21. As soon as the acute phase of the pandemic is over, the magnitude of more lasting supply and demand shocks will need to be assessed. In many countries, the shock may be self-correcting; in others, further steps may be needed to restore macroeconomic stability and fiscal sustainability. This may entail adjusting monetary policy to prevent a sustained increase in inflation, withdrawing fiscal stimulus, particularly in countries facing debt sustainability issues, as well as ensuring external viability, including through a rebuilding of international reserves and greater exchange rate flexibility.

C. Fund Financing

22. The Fund’s existing facilities should be sufficient to help members address balance of payments needs on a limited scale. However, greater obstacles would be faced under normal procedures if a response to large balance of payments needs, for example, related to multiple capital account crises, is required.

23. For financing needs on a limited scale, the Fund’s Emergency Natural Disaster Assistance (ENDA) would allow a quick response to meet limited needs (normally 25 percent of quota), with larger amounts exceptionally available. Existing on-track arrangements could be augmented—if needed between scheduled reviews. Support for low-income countries can also be provided through the Exogenous Shocks Facility (ESF), and ENDA can be subsidized subject to resource availability. These options could be available even if Fund staff could not travel or conduct more than limited policy discussions with the affected countries.

24. Larger-scale financing could be more challenging in the event that a pandemic creates larger balance of payments needs. In cases of exceptionally large financing needs, SBA and ESF-supported programs could be agreed to supplement immediate disbursements under ENDA. This would be most readily the case for countries that have been following good policies.
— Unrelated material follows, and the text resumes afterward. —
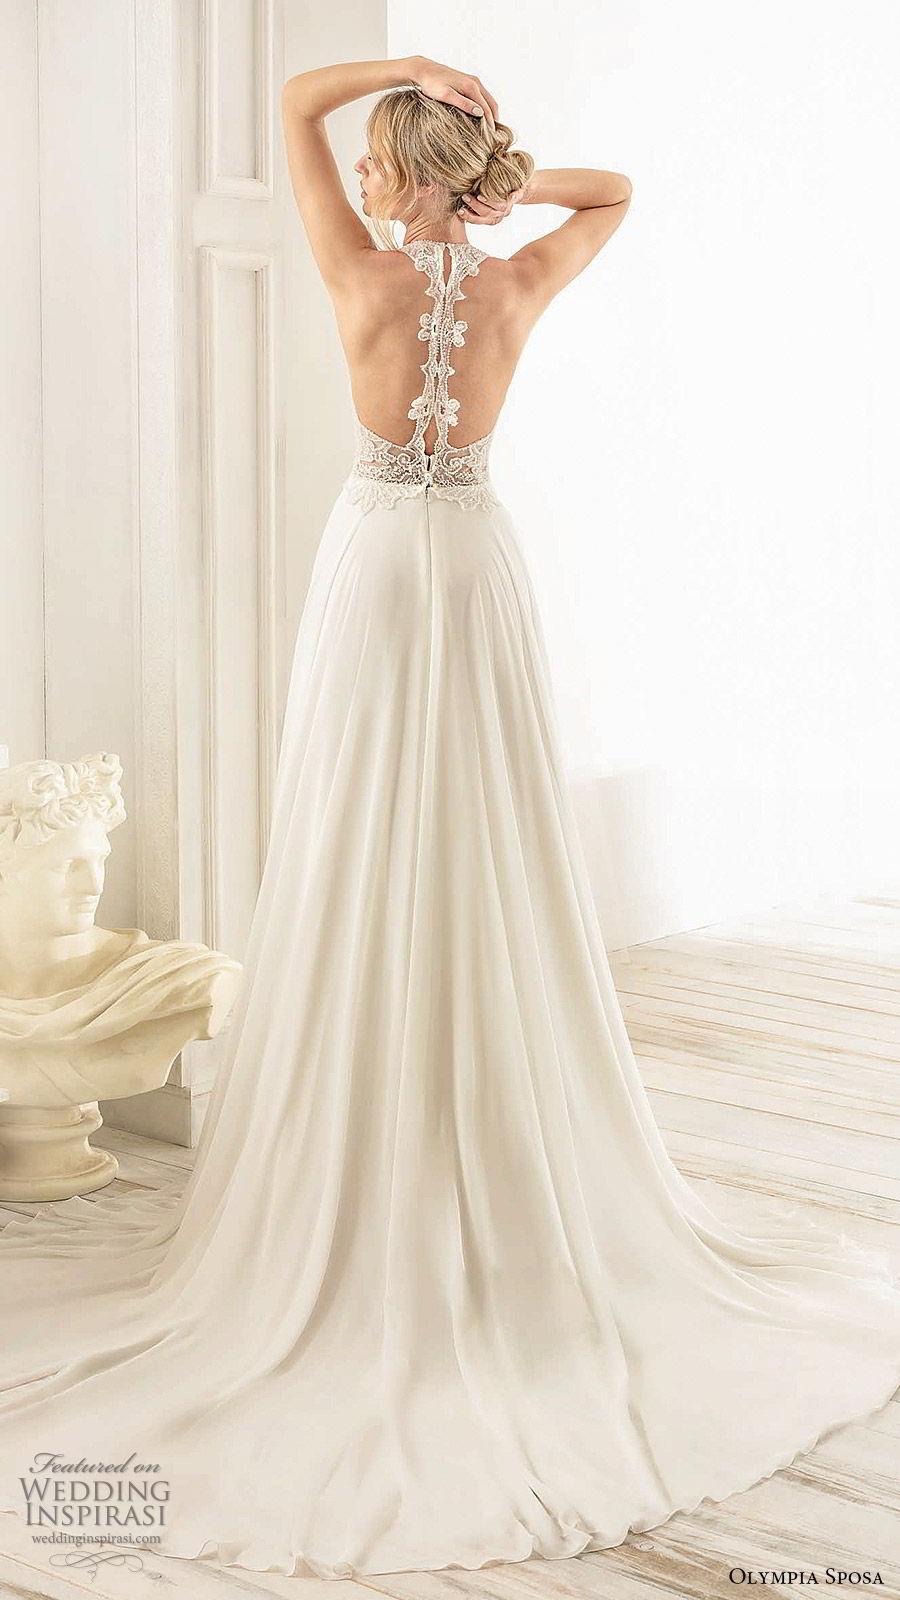 olympia sposa 2020 bridal sleeveless halter neck embellished beaded bodice a line wedding dress (5) romantic elegant racer back chapel train bv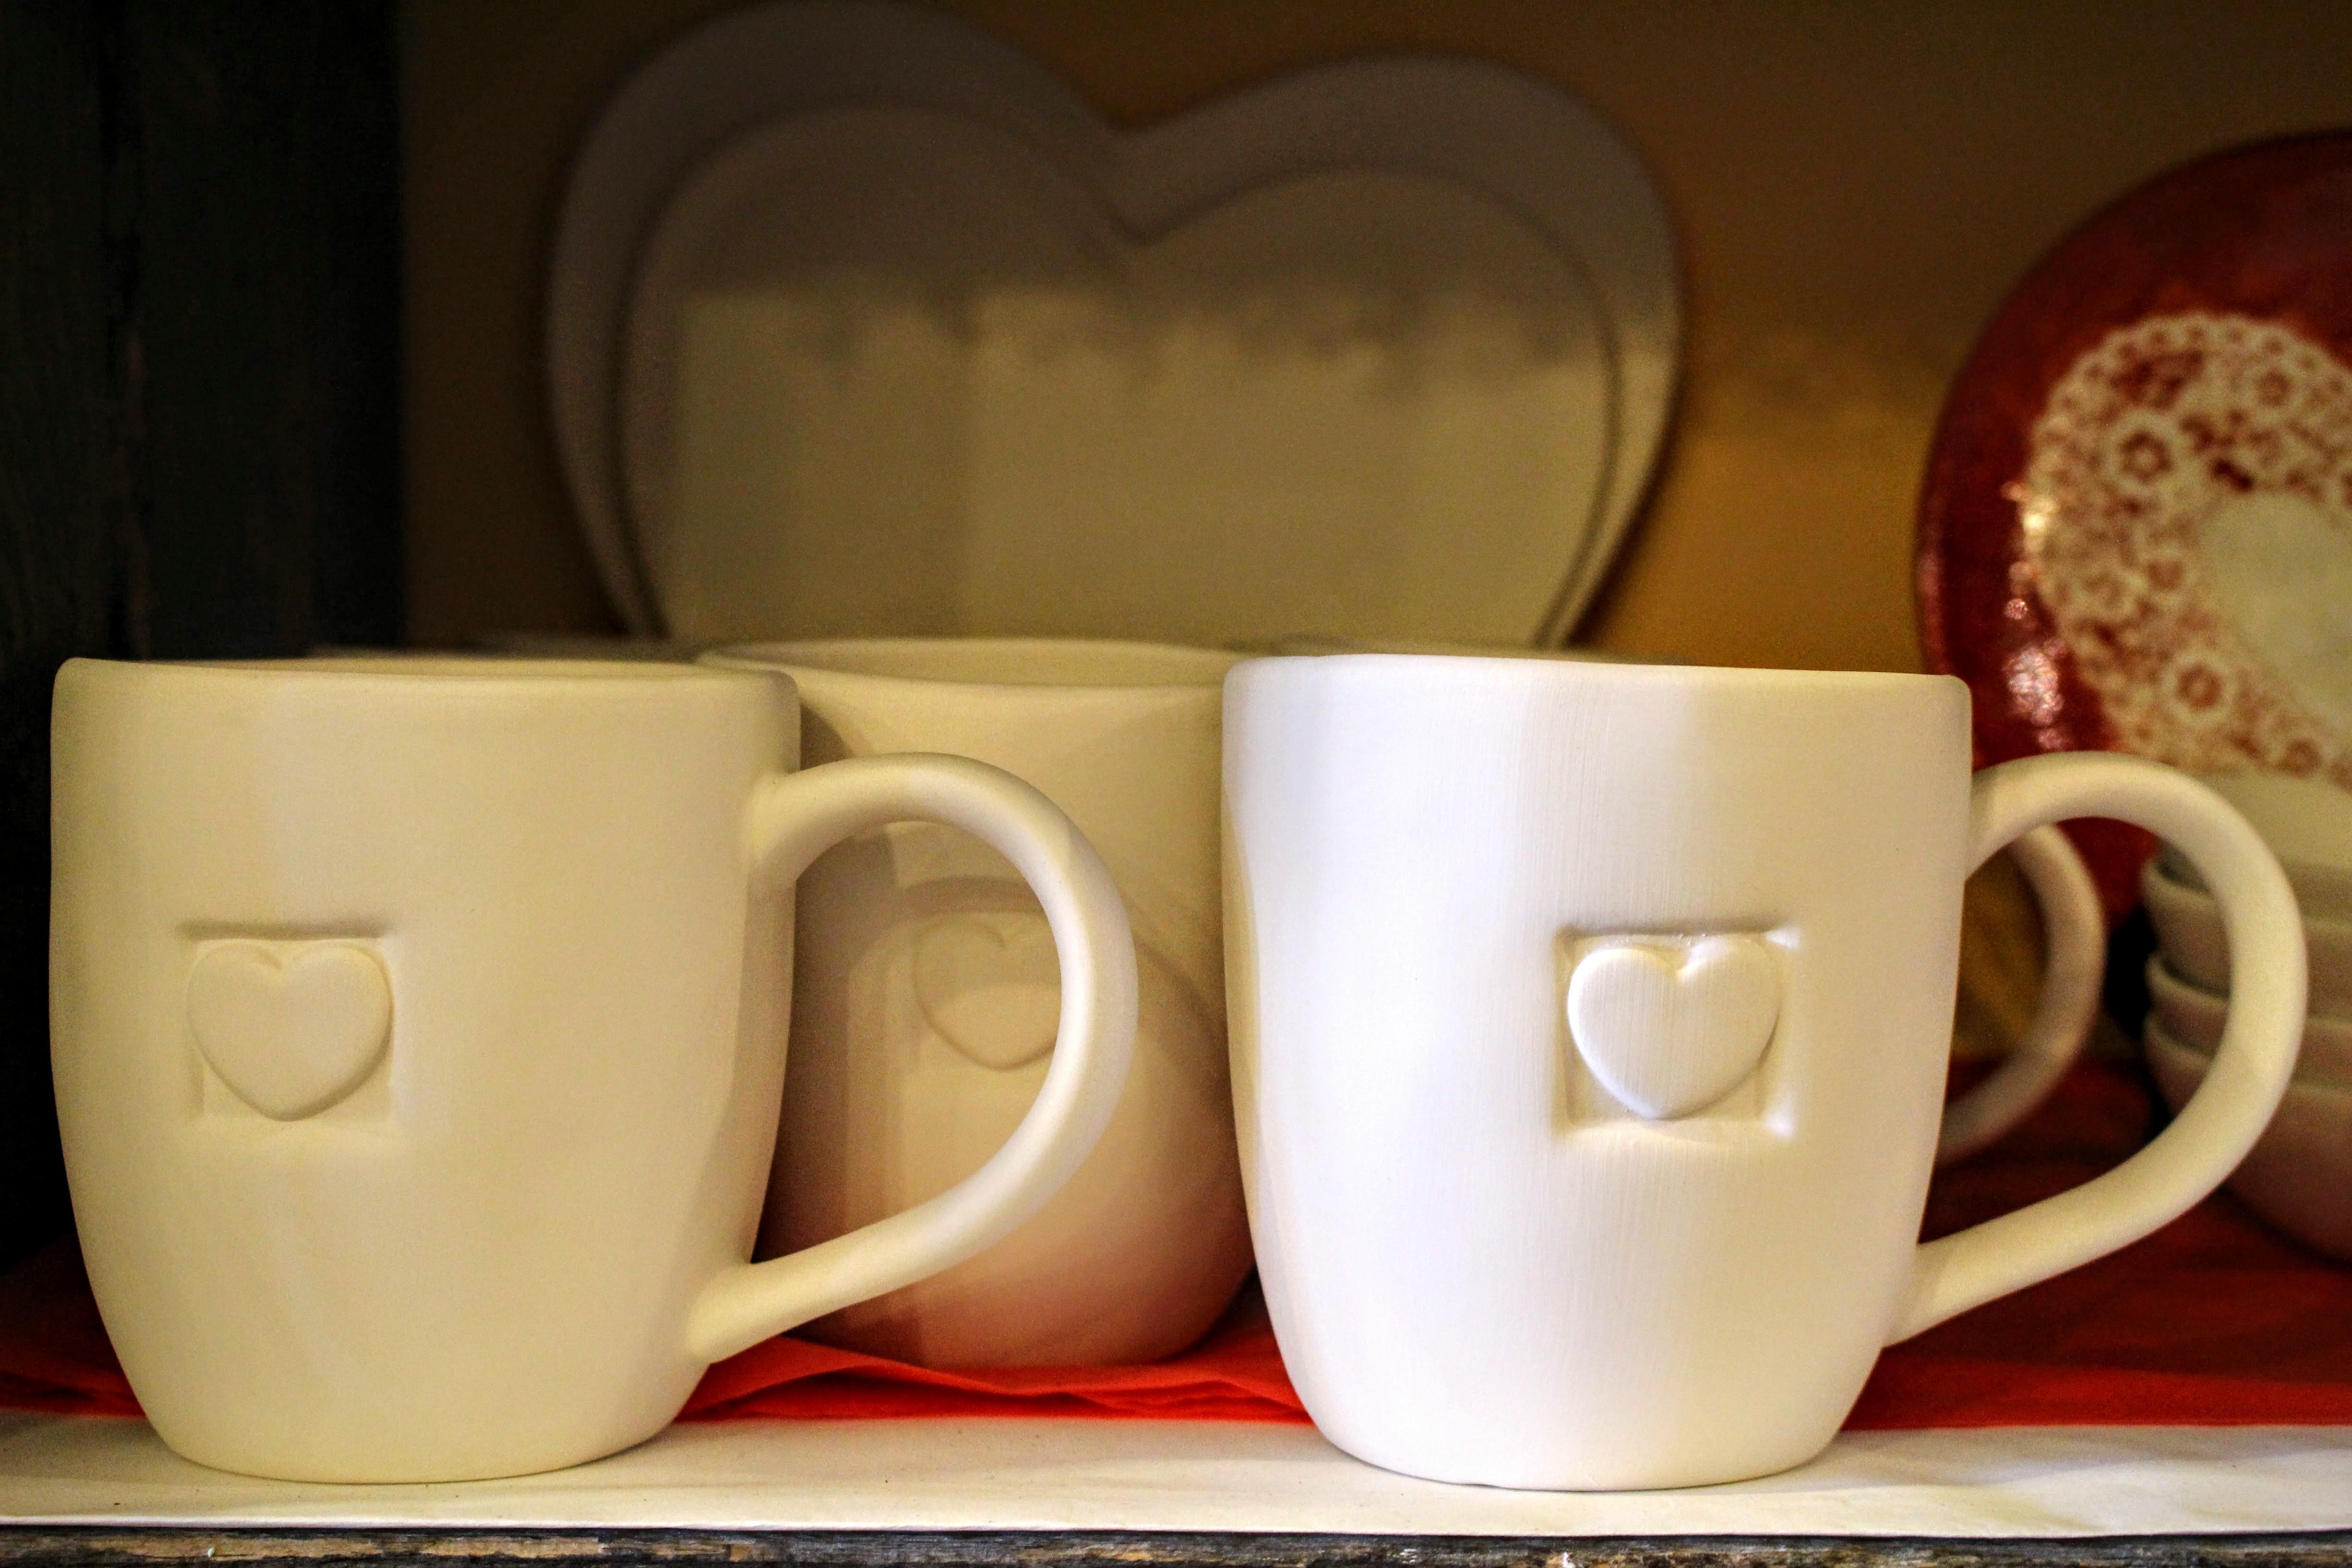 Heart mugs

However, in the event of a pandemic, the Fund’s ability to diagnose problems and negotiate appropriate policies, including because of restrictions on staff travel, may be challenged.

25. The Fund’s current liquidity situation leaves it well-placed to respond, though this could change quickly in the event of a major crisis. The one-year forward commitment capacity (SDR120 billion (US$171 billion) at end-February) is at an all-time high, and could be supplemented by existing borrowing arrangements. The Fund also has a concessional loan capacity under the interim PRGF/ESF of SDR 2.7 billion (US$3.9 billion), which could also be used to finance short-term balance of payments needs. However, subsidy resources available for emergency natural disaster assistance are only sufficient to support new lending of about SDR 60 million, and commitments for ESF subsidies so far total SDR 170 million compared with the SDR 500 million target. Thus, additional subsidy resources would likely be needed to support concessional emergency assistance on any significant scale.